§ **Required action**
Your job is to return the whole listing unchanged while skipping its images.

§ **Recorded information**
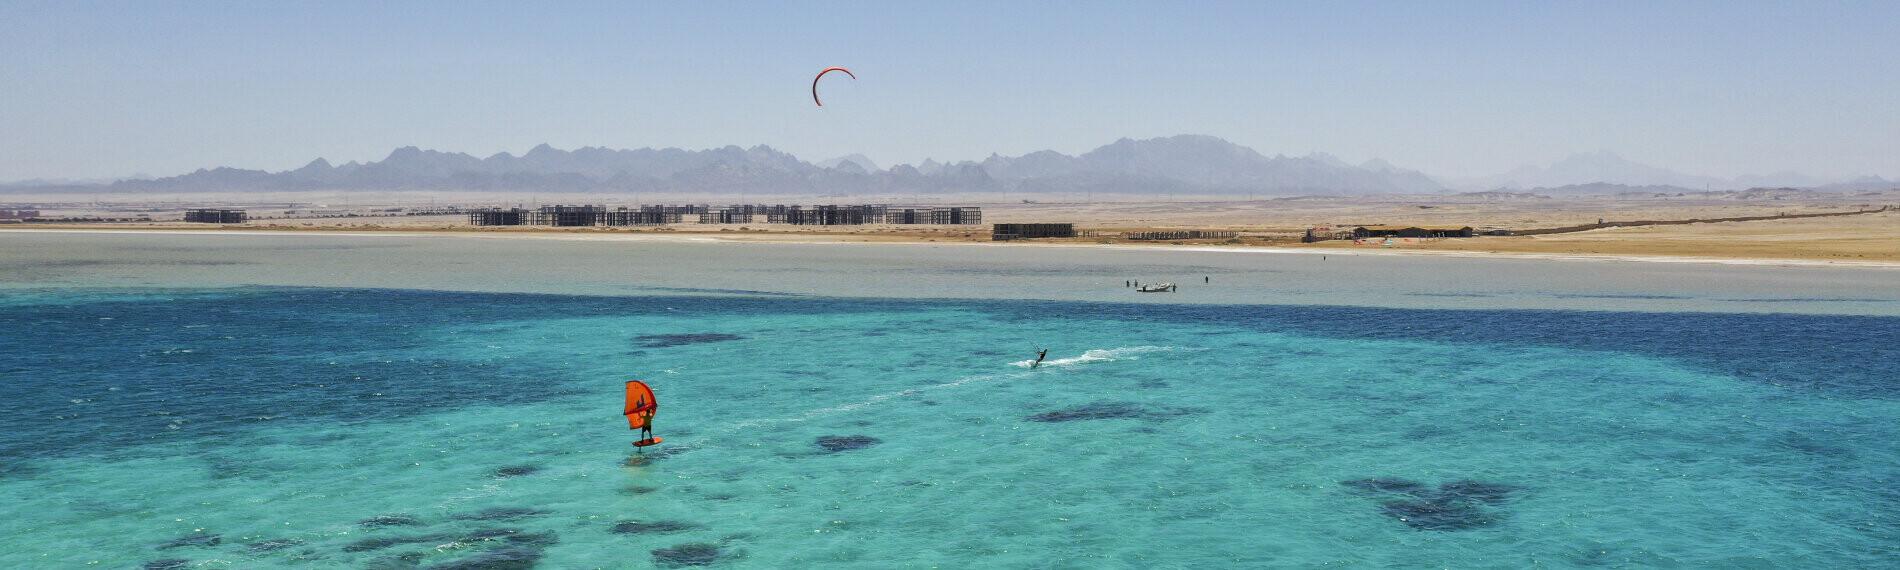 Kitesurfer in Ras Soma, Ägypten auf türkisfarbenem Meer vor Wüstenkulisse.
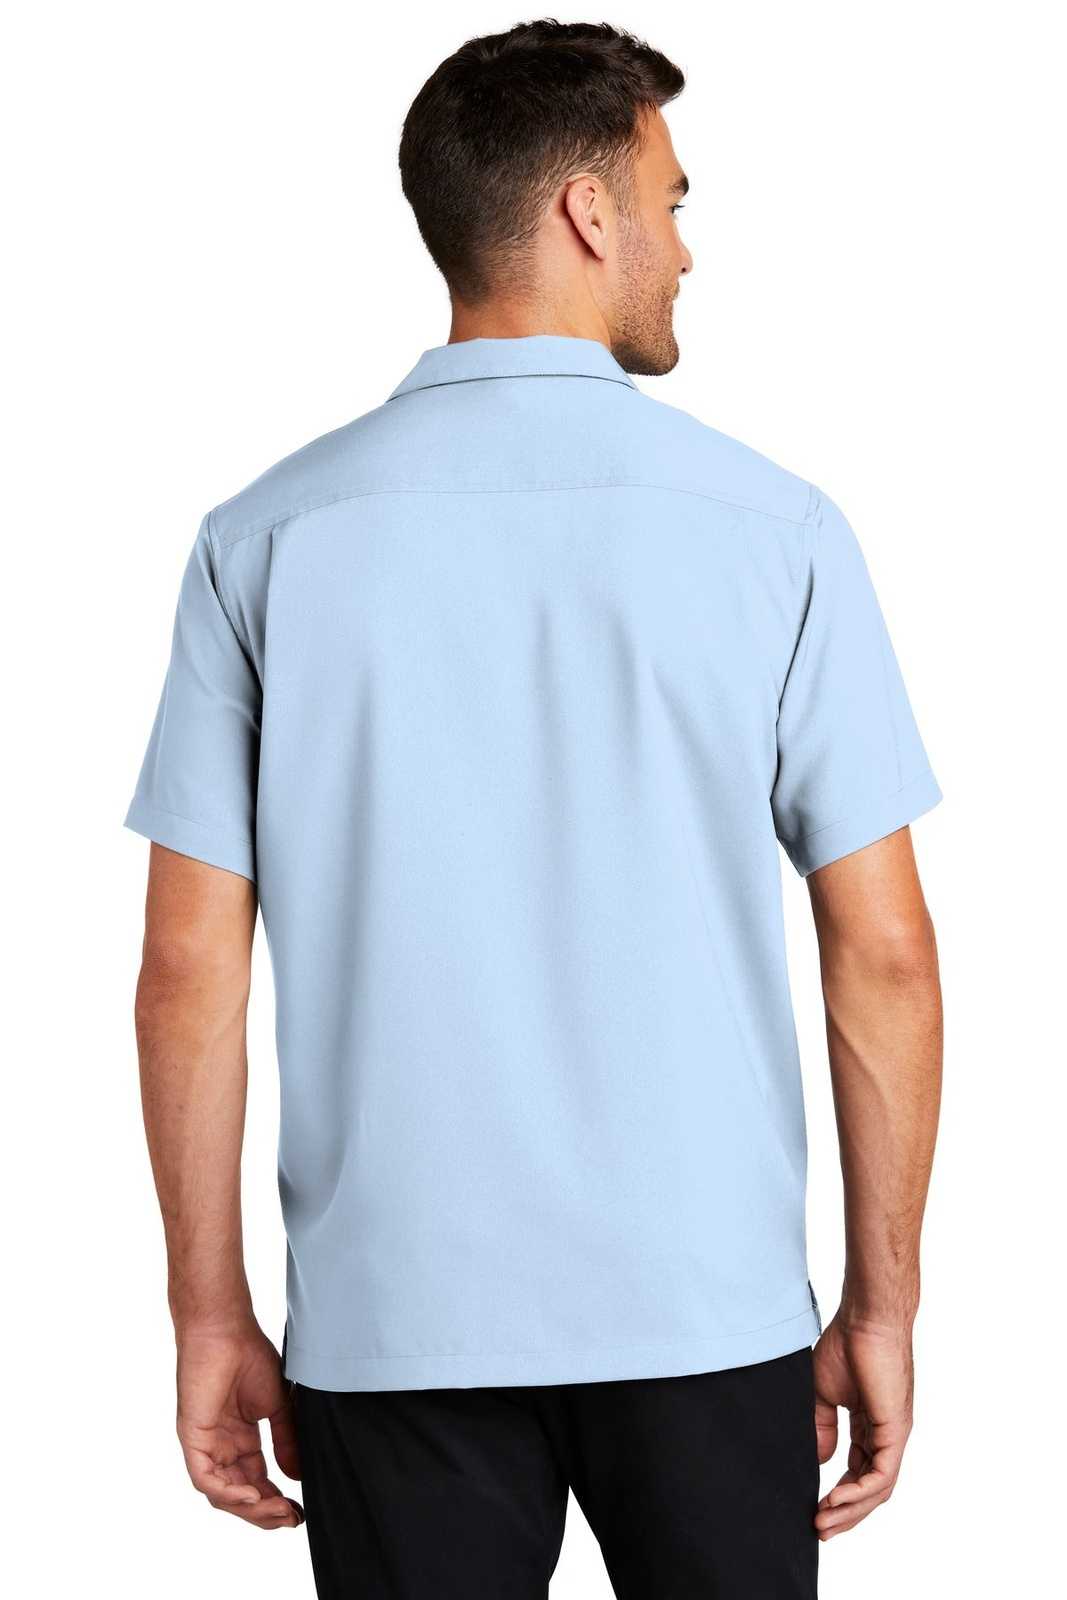 Port Authority W400 Short Sleeve Performance Staff Shirt - Cloud Blue - HIT a Double - 1
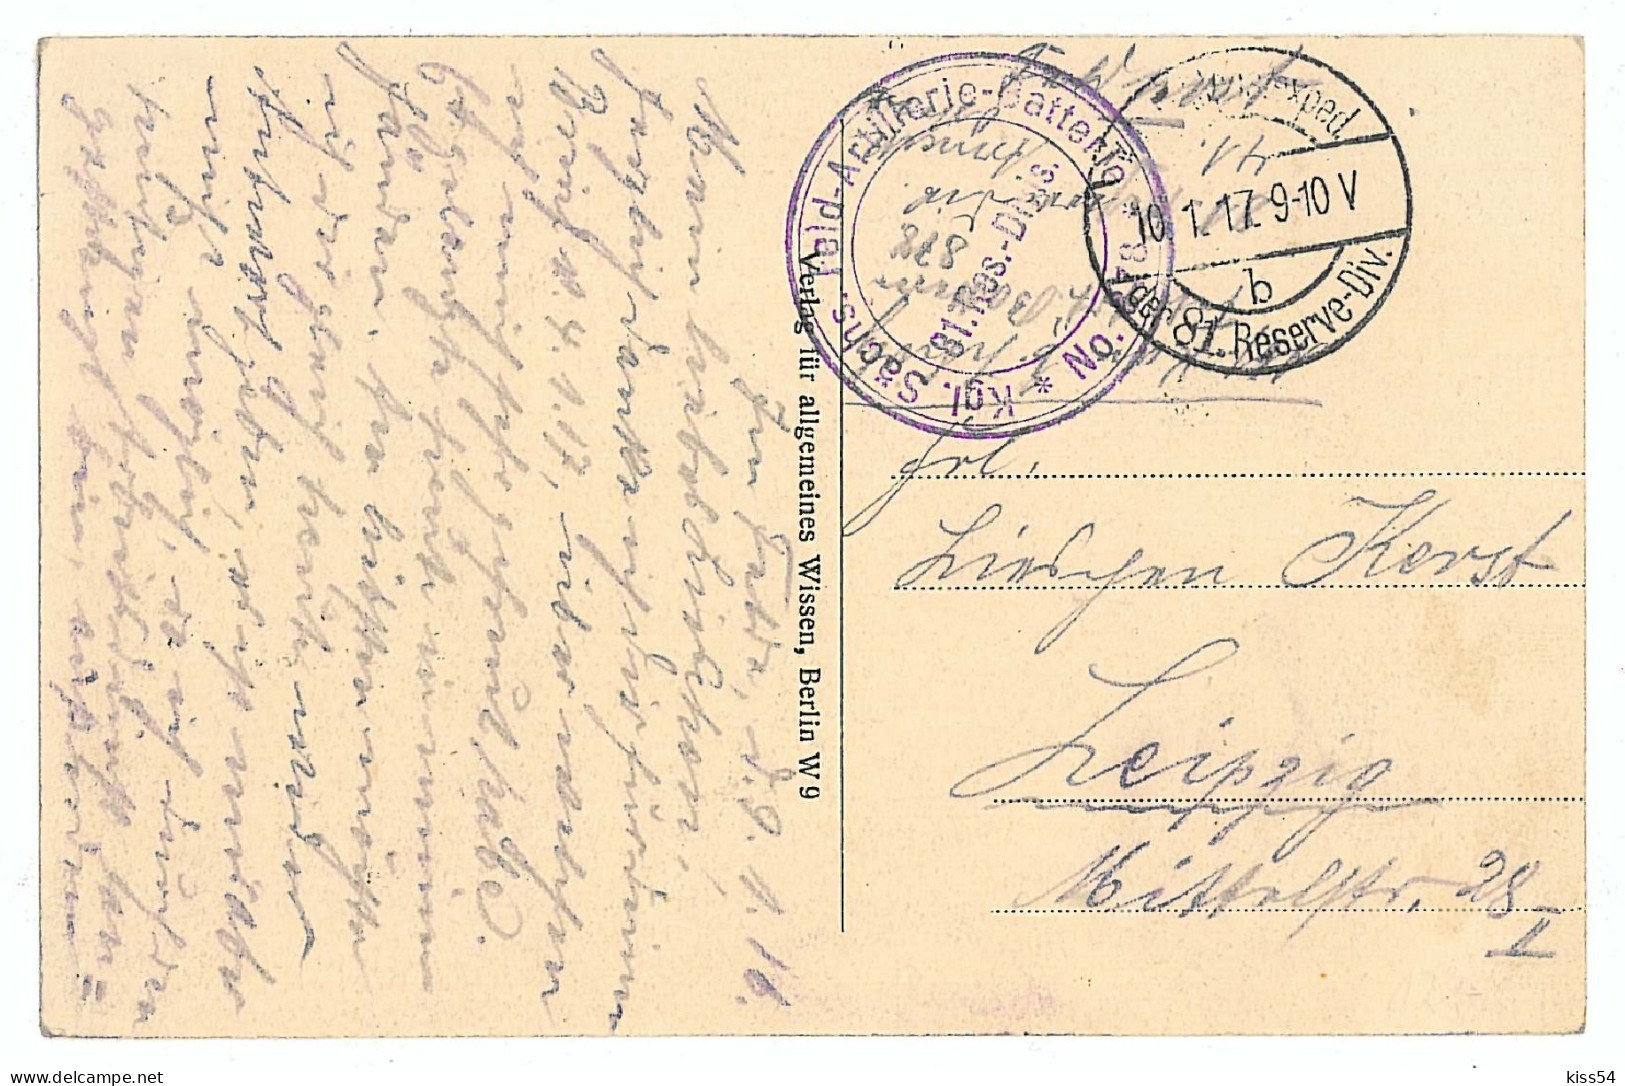 BL 10 - 8309 PINSK, Kiew Street - Old Postcard, CENSOR - Used - 1917 - Weißrussland

§ **Worked solution**
 Kitesurfer in Ras Soma, Ägypten auf türkisfarbenem Meer vor Wüstenkulisse.
 Port Authority W400 Short Sleeve Performance Staff Shirt - Cloud Blue - HIT a Double - 1
 BL 10 - 8309 PINSK, Kiew Street - Old Postcard, CENSOR - Used - 1917 - Weißrussland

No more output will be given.